▸ PROBLEM DETAILS:
Print each line exactly, from the one with "10PCS LCD1602 Module" to the very last line of the listing, and keep the pictures out.

▸ INFORMATION SHOWN:
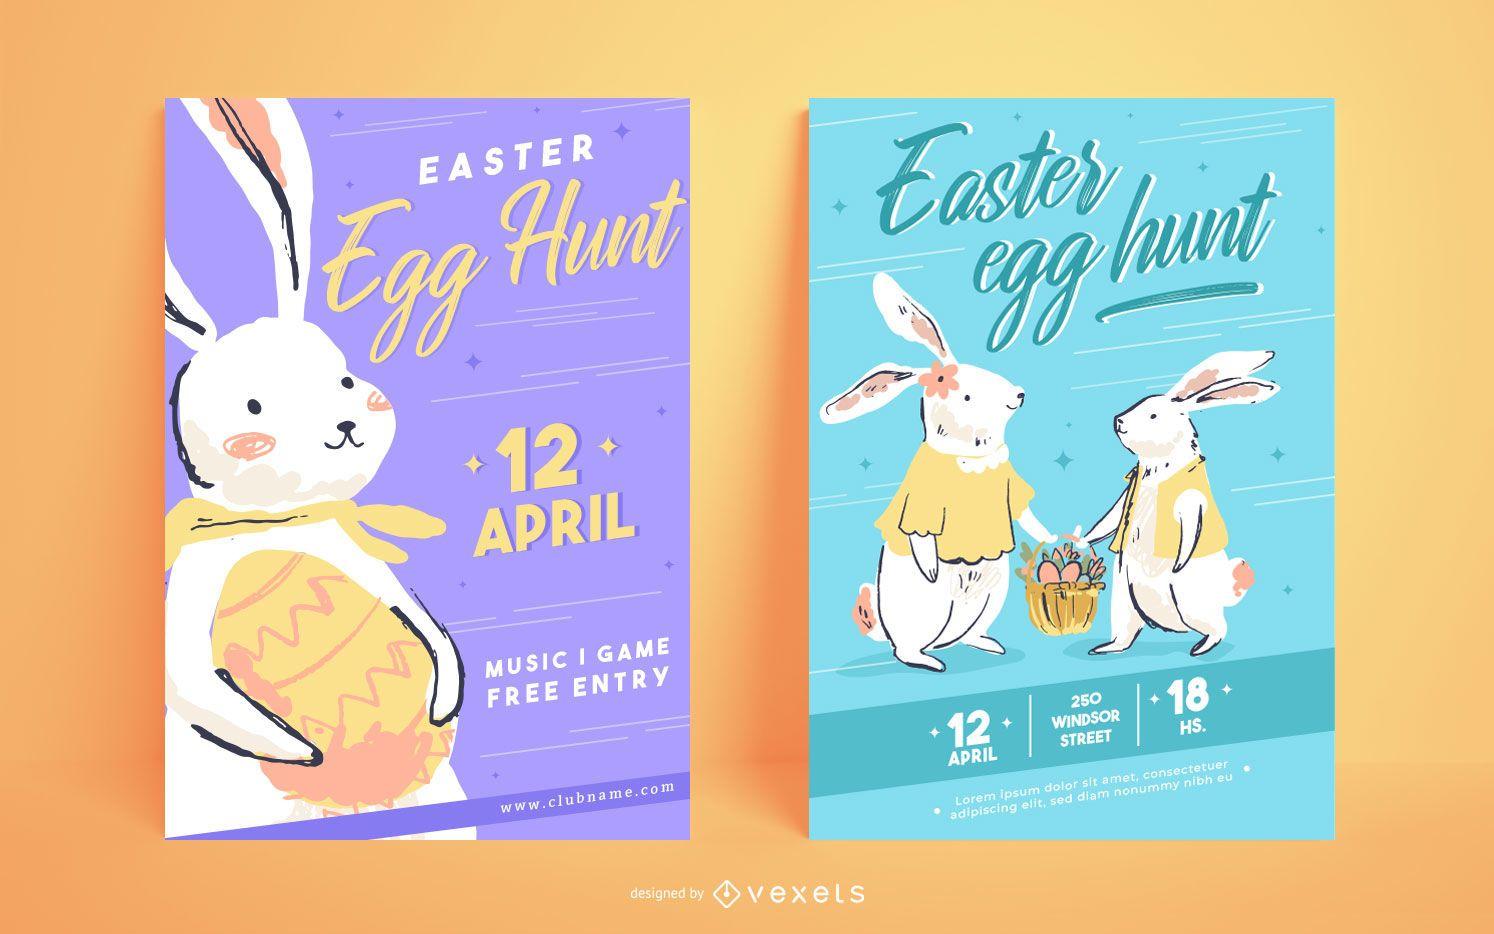 Easter egg hunt poster templates
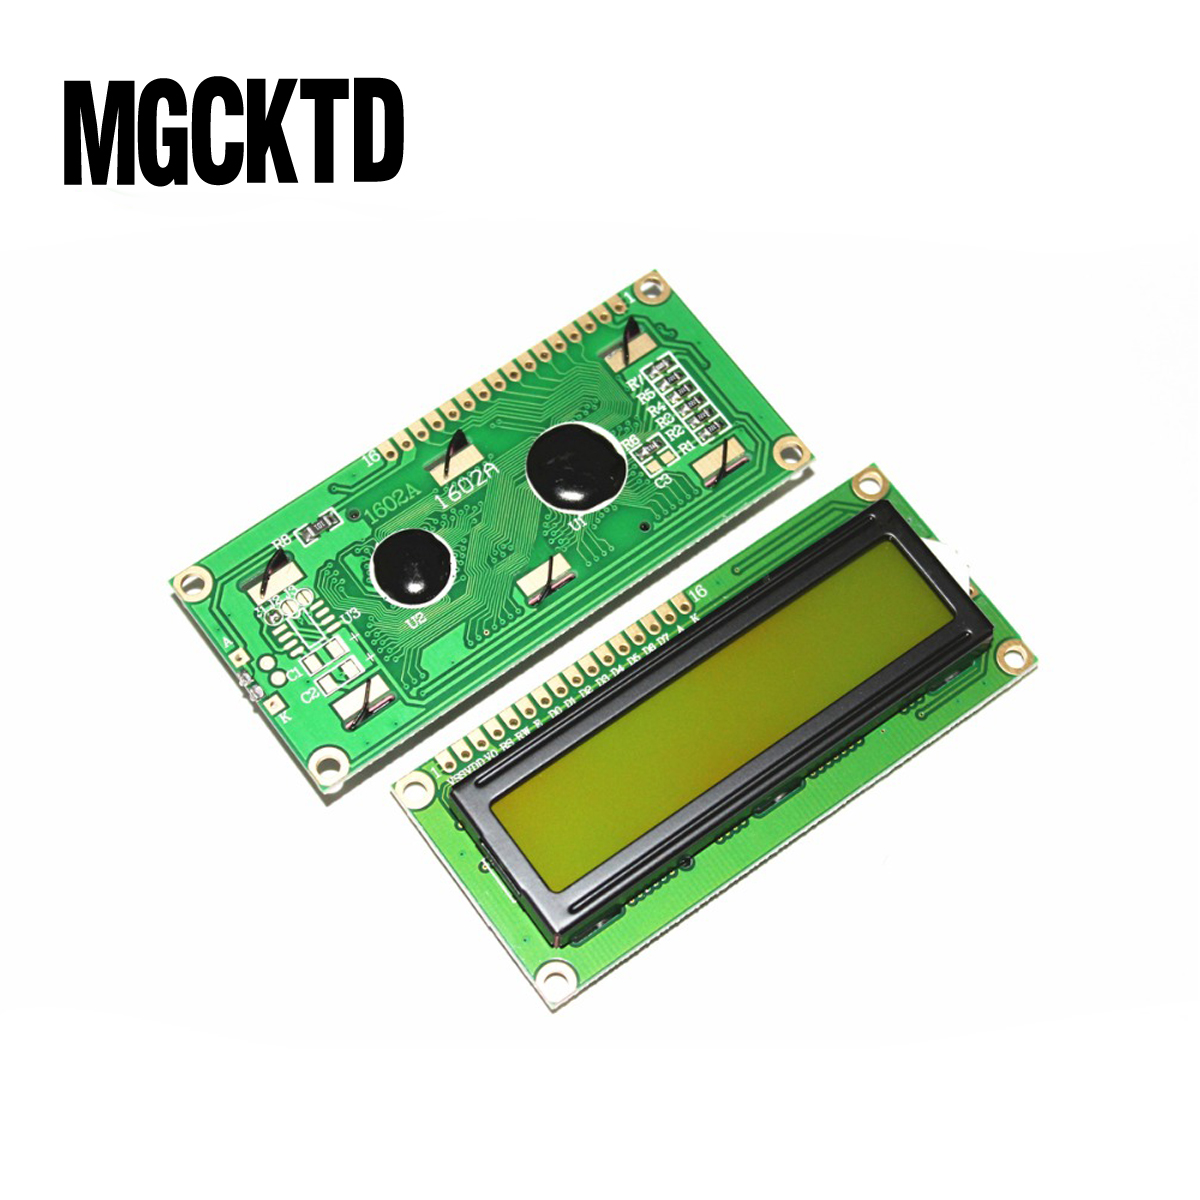 10PCS LCD1602 Module Green Screen 16x2 Character LCD Display Module.green Screen And White Code
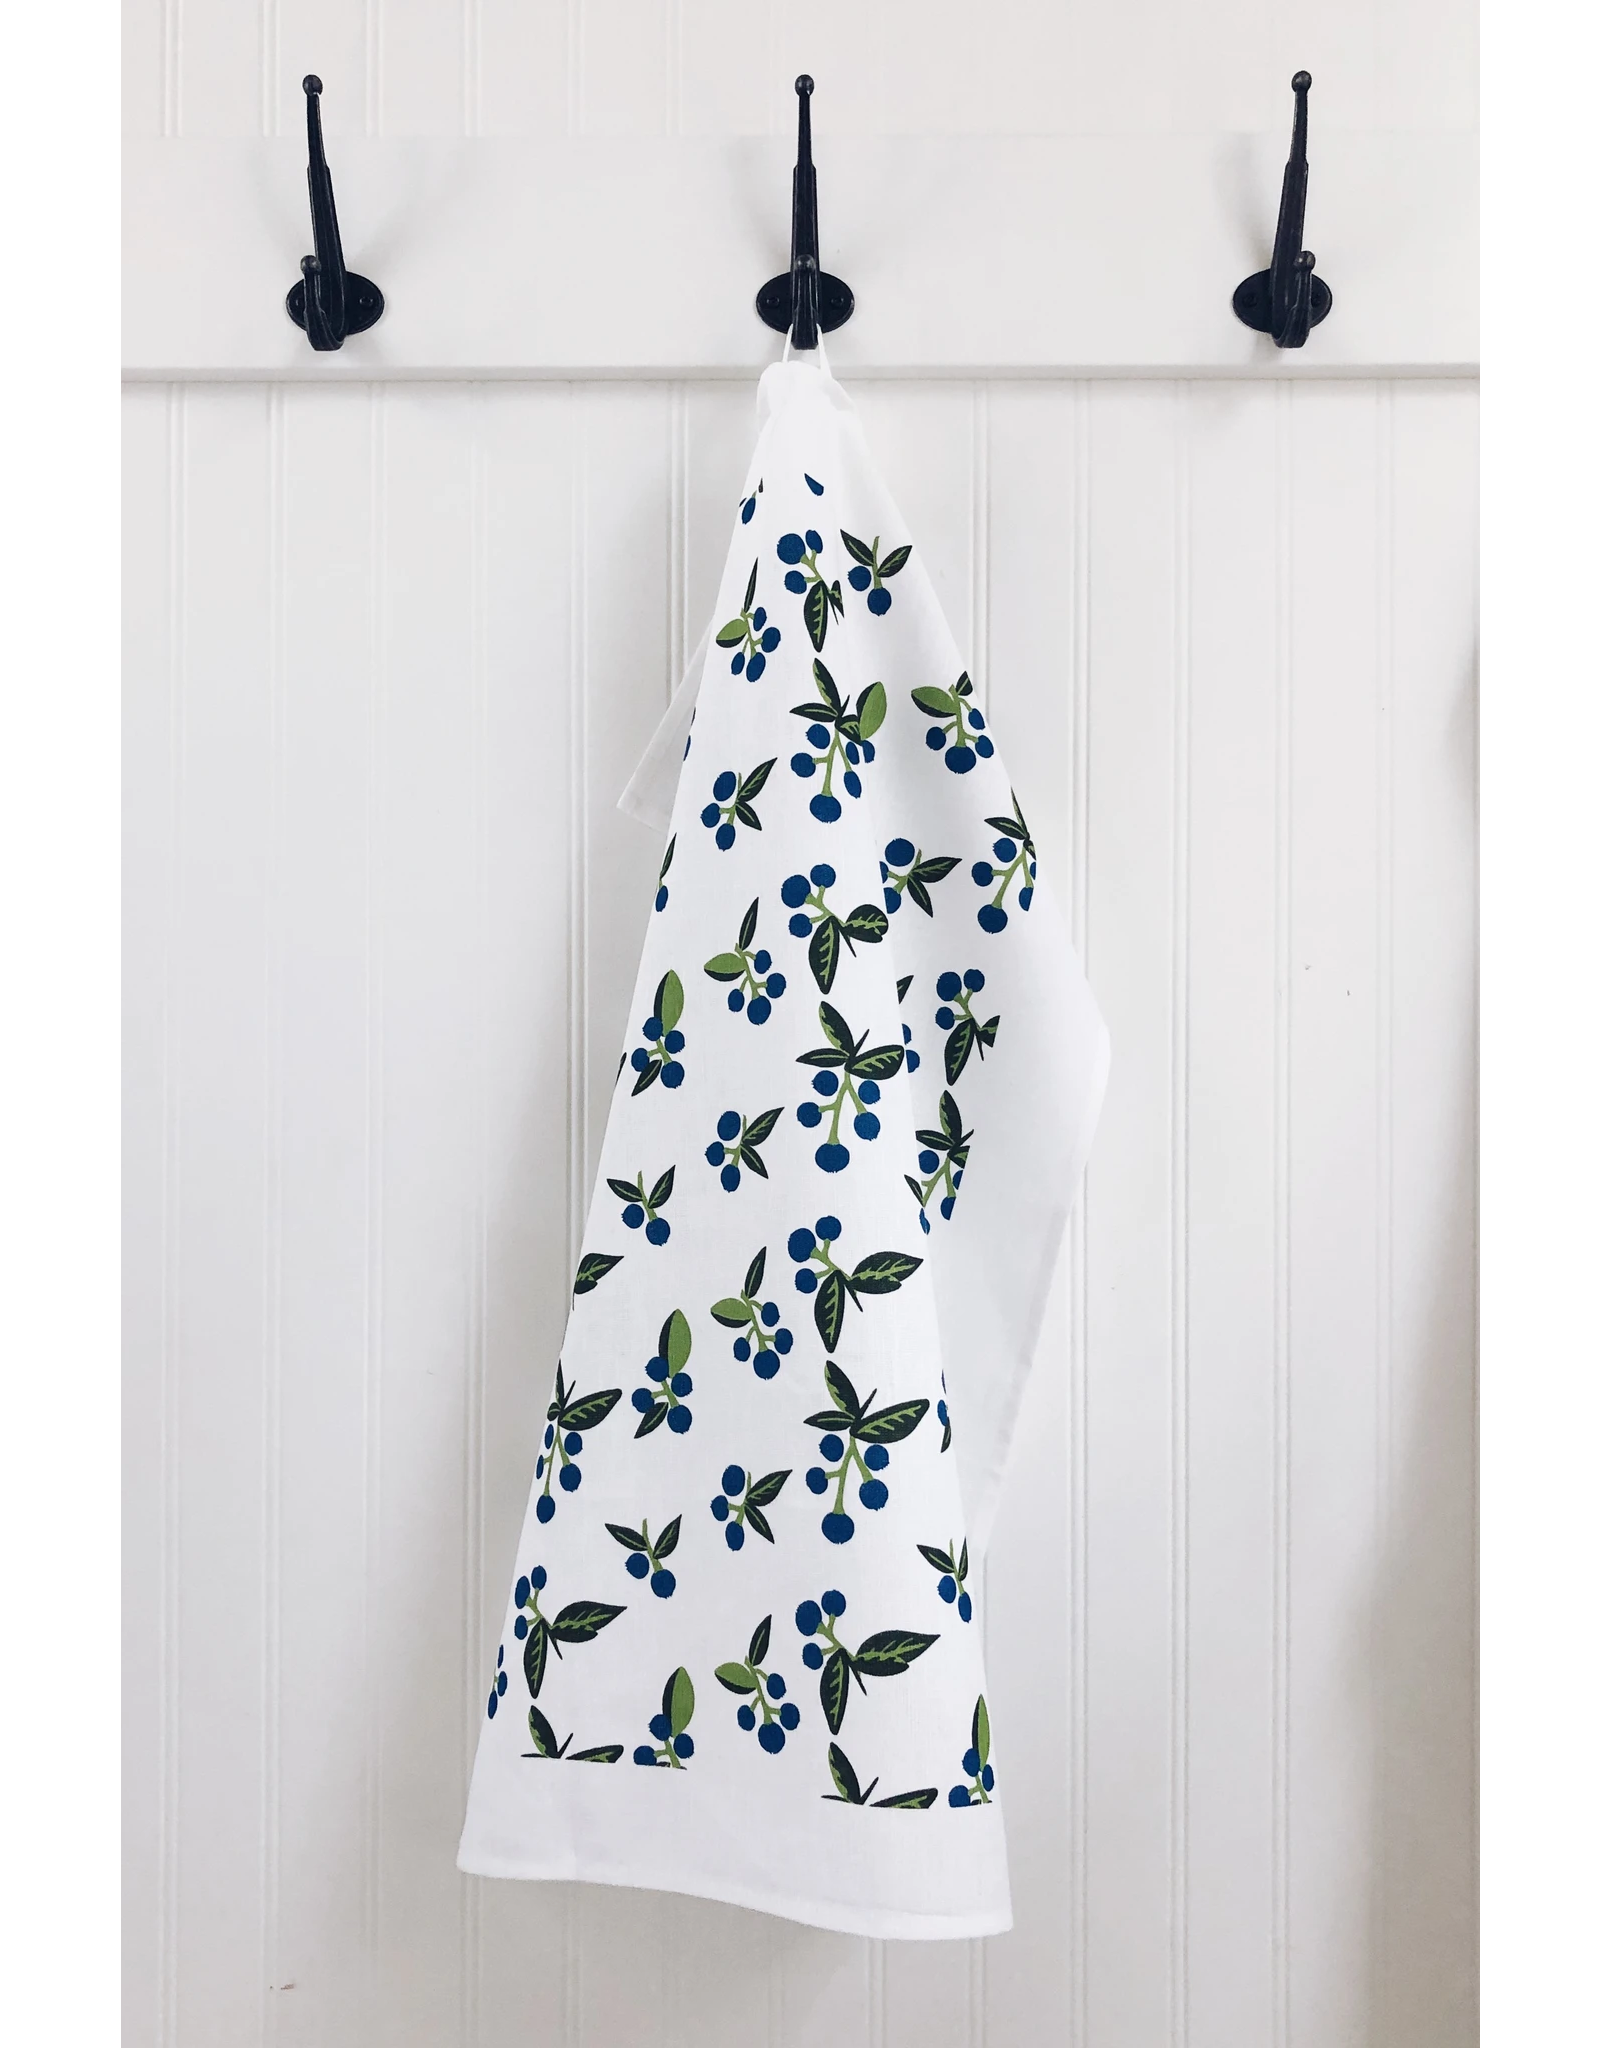 Ten & Co Tea Towel - Vintage Blueberry

▸ SOLUTION TO THIS PROBLEM:
 10PCS LCD1602 Module Green Screen 16x2 Character LCD Display Module.green Screen And White Code
 Ten & Co Tea Towel - Vintage Blueberry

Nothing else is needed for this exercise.